Fettuccine, cream sauce, spinach and pecans




Liquid cream ↑.

Solid cream ↓. Delightfully, it tastes like lemon.



This is delicious but ultimately it is fail.

My goal was to use the noodles as vehicle for lox instead of bagel or artisan bread. The whole idea was to use the lox.

But when the time came to eat it I was no longer hungry and I was tired from futzing around with making the noodles. My machine is acting up. The thickness-dial keeps slipping and my work surface was crowded with extraneous things. My neck hurt again. I could have gone without eating and in that critical moment where it all comes together at the end I was looking for peas in a crowded freezer, scrounging for vegetative things to add, clearing out the refrigerator of things that became too old, tossing out things like mad, clearing out the whole thing, I completely spaced out the lox. 

I did not add the usual things to poke out the flavor profile.
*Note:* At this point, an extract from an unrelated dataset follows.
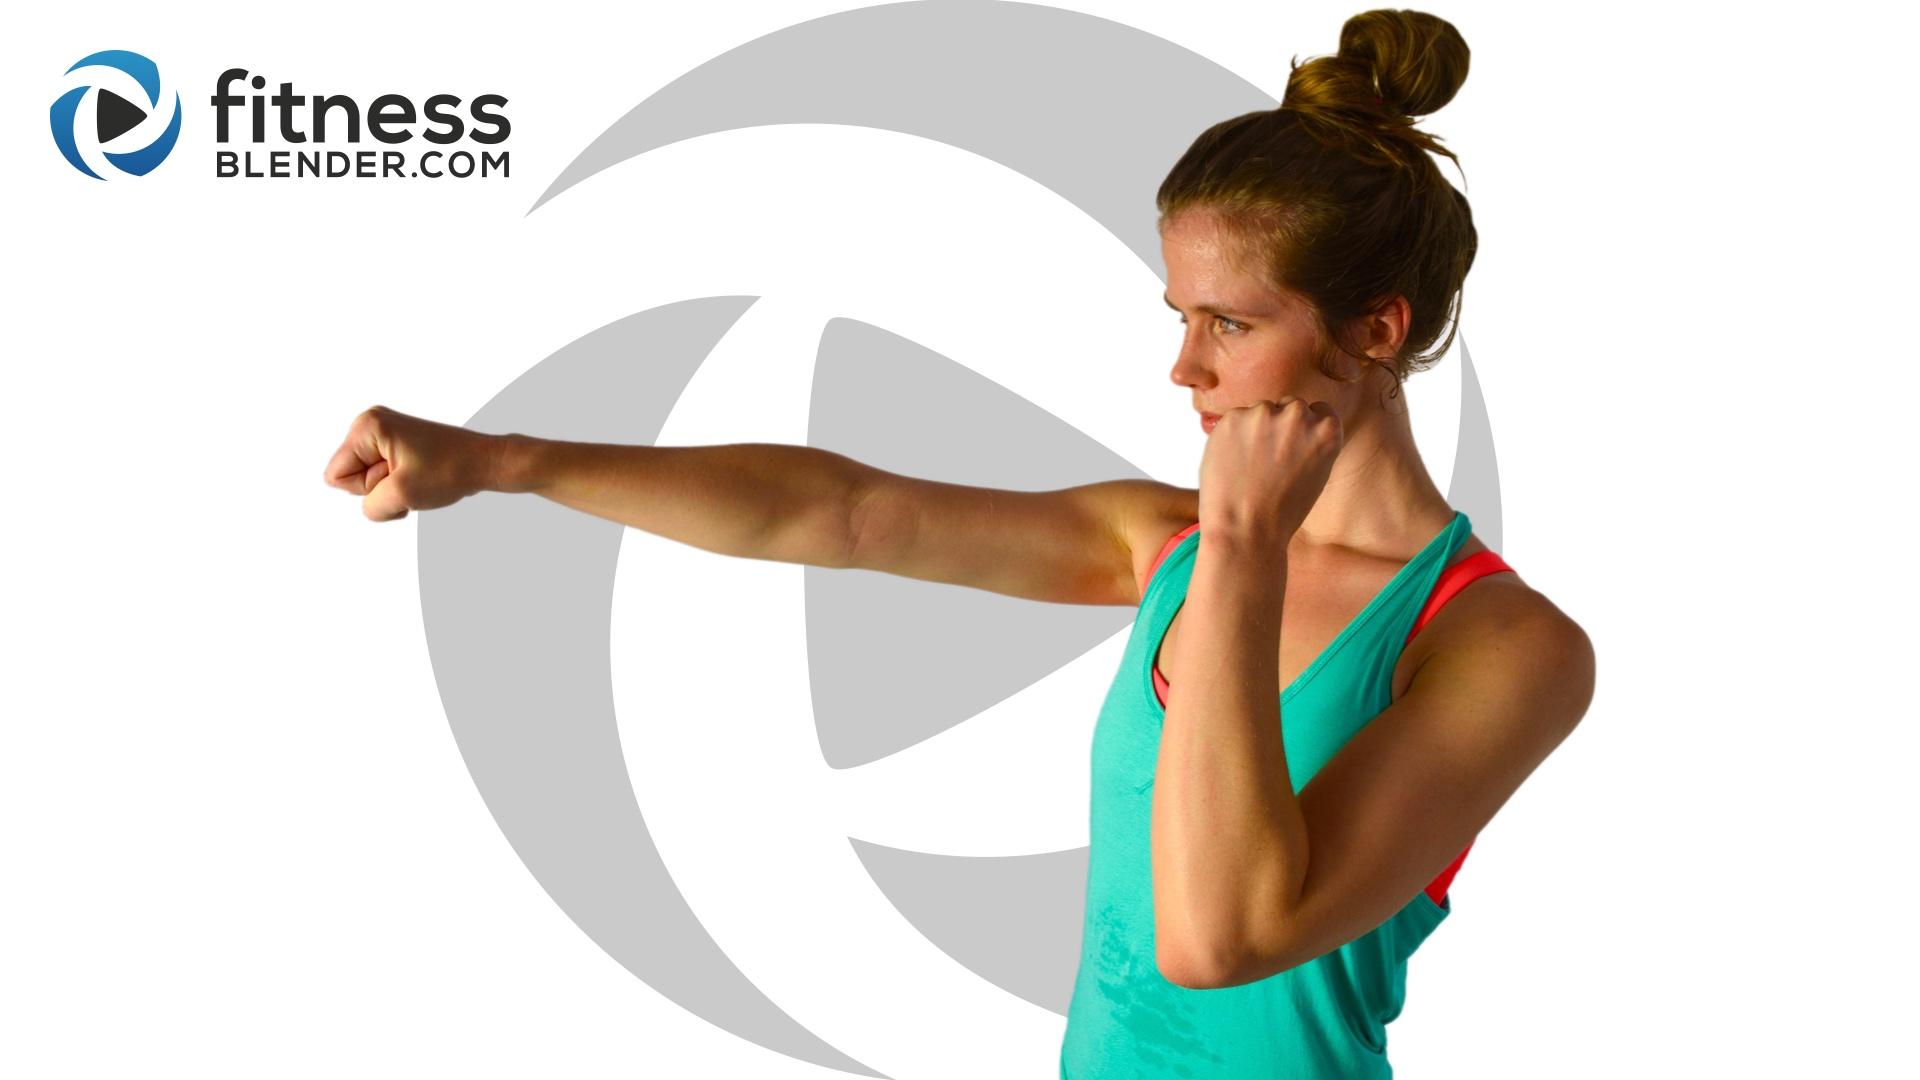 Fitness Blender Kickboxing Workout

I'm out of black pepper and I forgot to buy it the last two trips to the grocery,  no mustard, no herbs. Just basil that became too wet to use. But I used it anyway and threw out the entire package and it was a large package too. I could have planted them in the Aerogarden had I got to them sooner. But I didn't. 

The tomatoes too beautiful to ignore are now all wrinkly.
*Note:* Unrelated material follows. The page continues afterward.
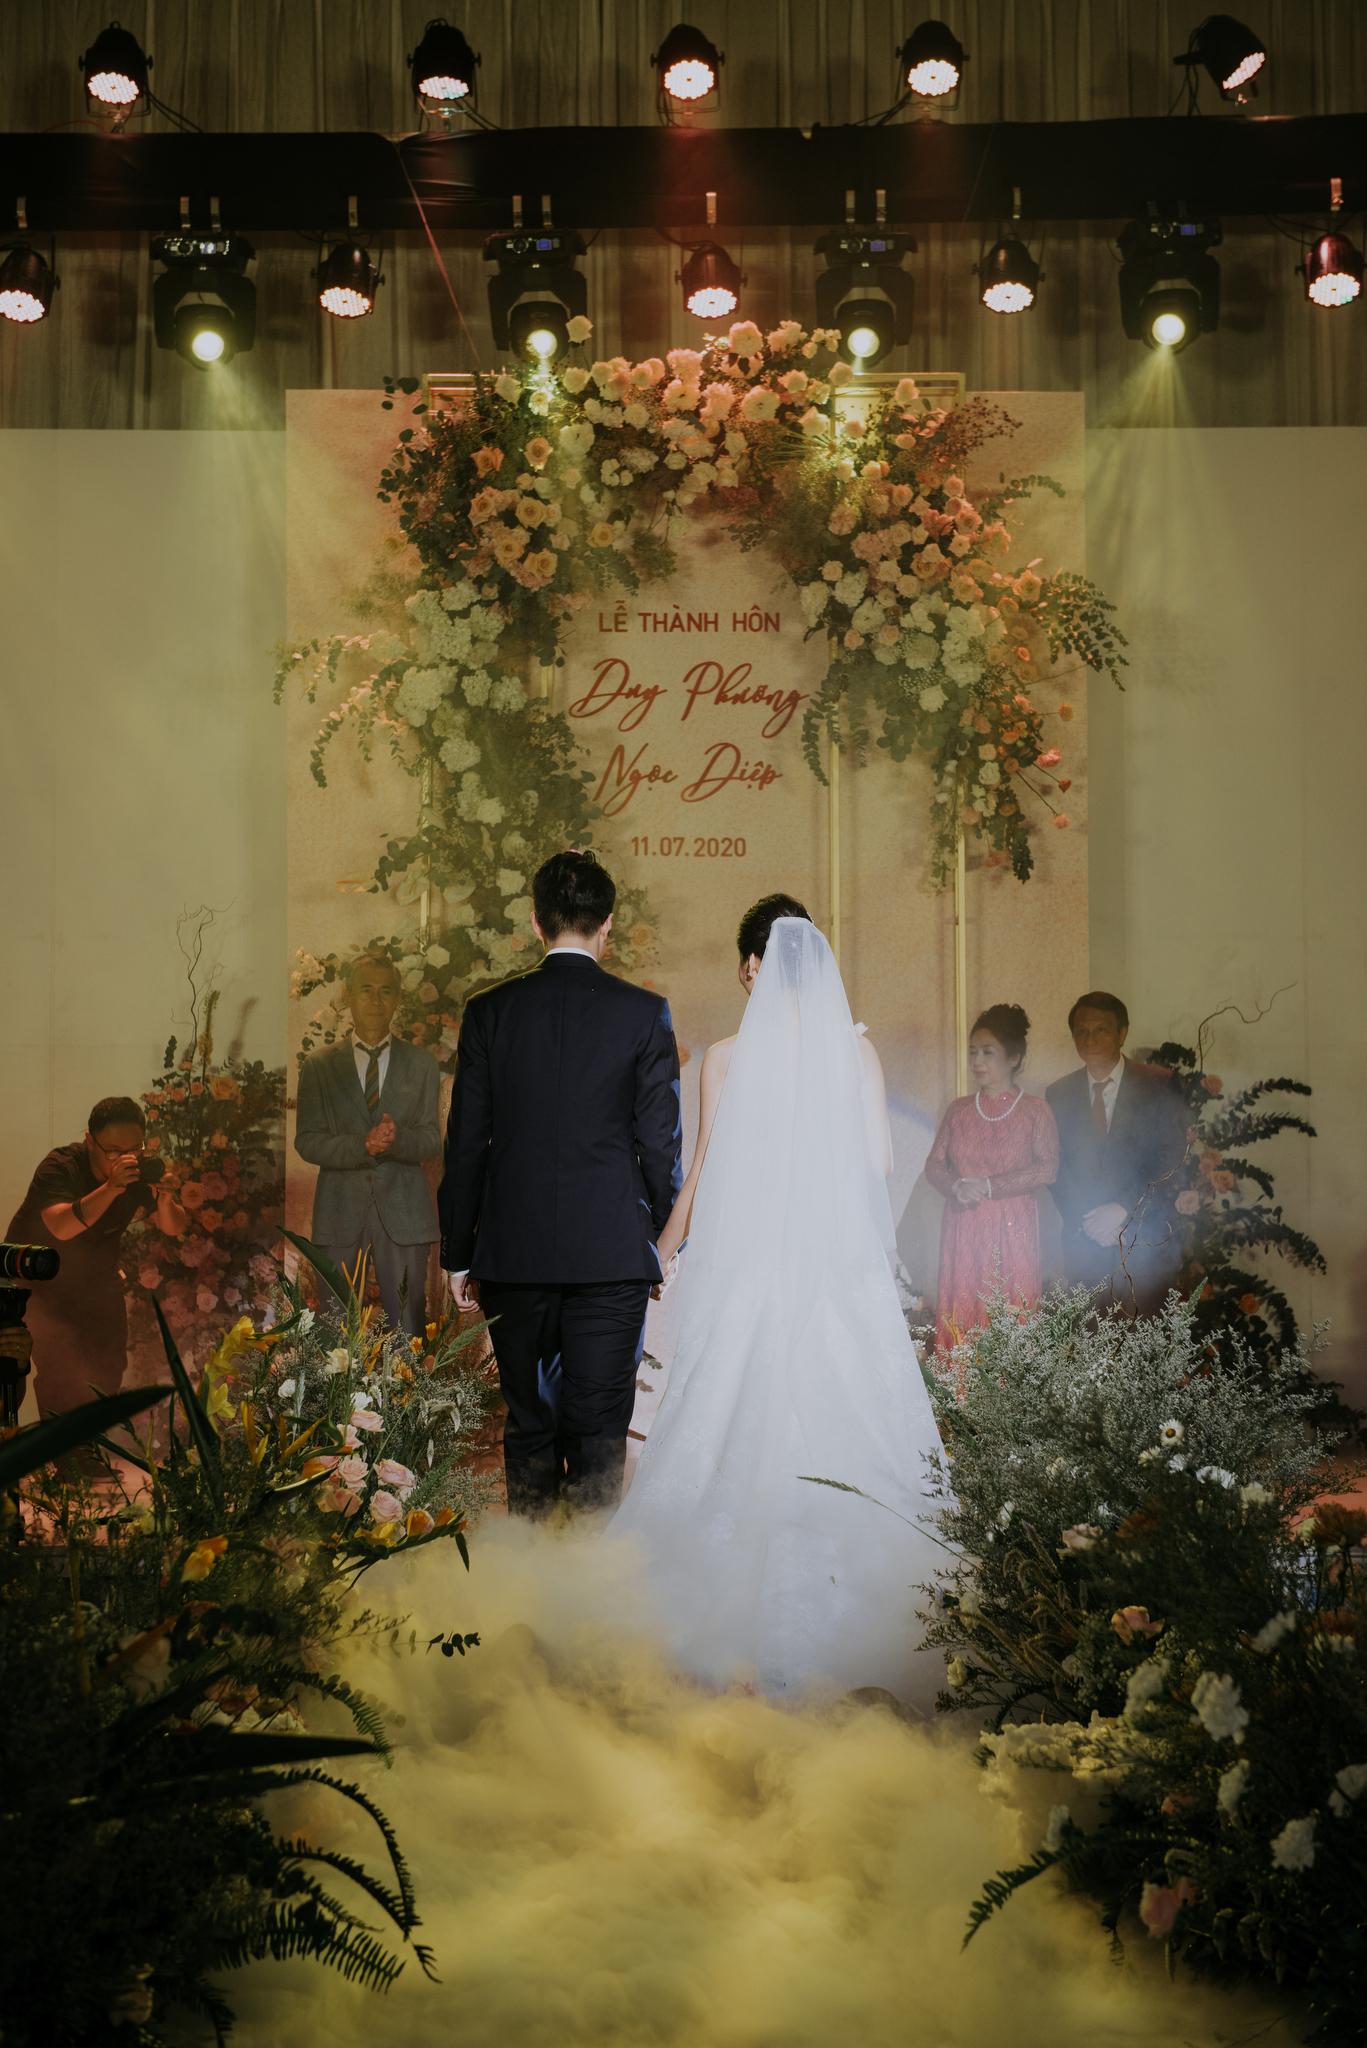 https://huk.s3.amazonaws.com/uploads/image/source/1440/Phuong-Diep-HN-Ceremony-2-0138.JPG

The frozen vegetables at the bottom of the pile in the freezer. And I was too tired to unstack it all and put it all back.
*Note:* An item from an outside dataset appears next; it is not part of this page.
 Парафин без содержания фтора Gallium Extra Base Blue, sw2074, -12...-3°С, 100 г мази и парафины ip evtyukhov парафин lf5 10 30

The fresh vegetables in the refrigerator are all thrown out. 

The tinned vegetables are the wrong kinds. 

The cooked pasta has a beaten egg in it, so two eggs, one egg in the pasta and a second egg in the sauce. The second egg is cooked by the heat of the pasta along with the homemade sour cream.

The basil and salt and nutmeg are meager. It's like hospital food.

But I loved it. 

I really do love making my own noodles. There just isn't anything like it. 
Here's what you do:

Take and egg and crack it into a bowl. 

Now you have two egg shell cups.

Use the larger egg shell cup and fill it with water. Add the water to the egg and whisk them together.

Blend in semolina flour, estimating from 20% to 50%. 

Blend in A/P flour or bread flour in increments until you get a very stiff dough.

Stiff dough. Very stiff. The commercial noodle makers dough is nearly totally dry. 

Knead the dough ball for a few minutes. 

Let it sit there under the overturned bowl.

Say, twenty minutes. 

Mine stayed for about 45 minutes. Because I was tired.

This time allows an enzyme in the flour to begin breaking it down. That translates to a softer dough ball. 

Cut the dough ball in two and flatten them out.

Roll them to the desired thickness.

This is advanced greatly by using a machine made for this. But that is not necessary. Hand-rolled and hand-cut pasta is fantastic and not much trouble at all. They're usually a good deal thicker. And obviously cut with less precision. People have been doing this for centuries. 

The pasta cooks in seconds. It is not possible to have them al dente. 

Unless you dry them to hardness first and that takes a few days. 

When you dry them quickly, such is possible in Denver, or by using an oven, they tend to break.

Commercially, the Americans probably have some way to do this quickly while the Italians move the pasta through rooms with decreasing degrees of moisture. 

I still have the lox and I still need to use it some way. I'm thinking of eggs. And I can always make bread.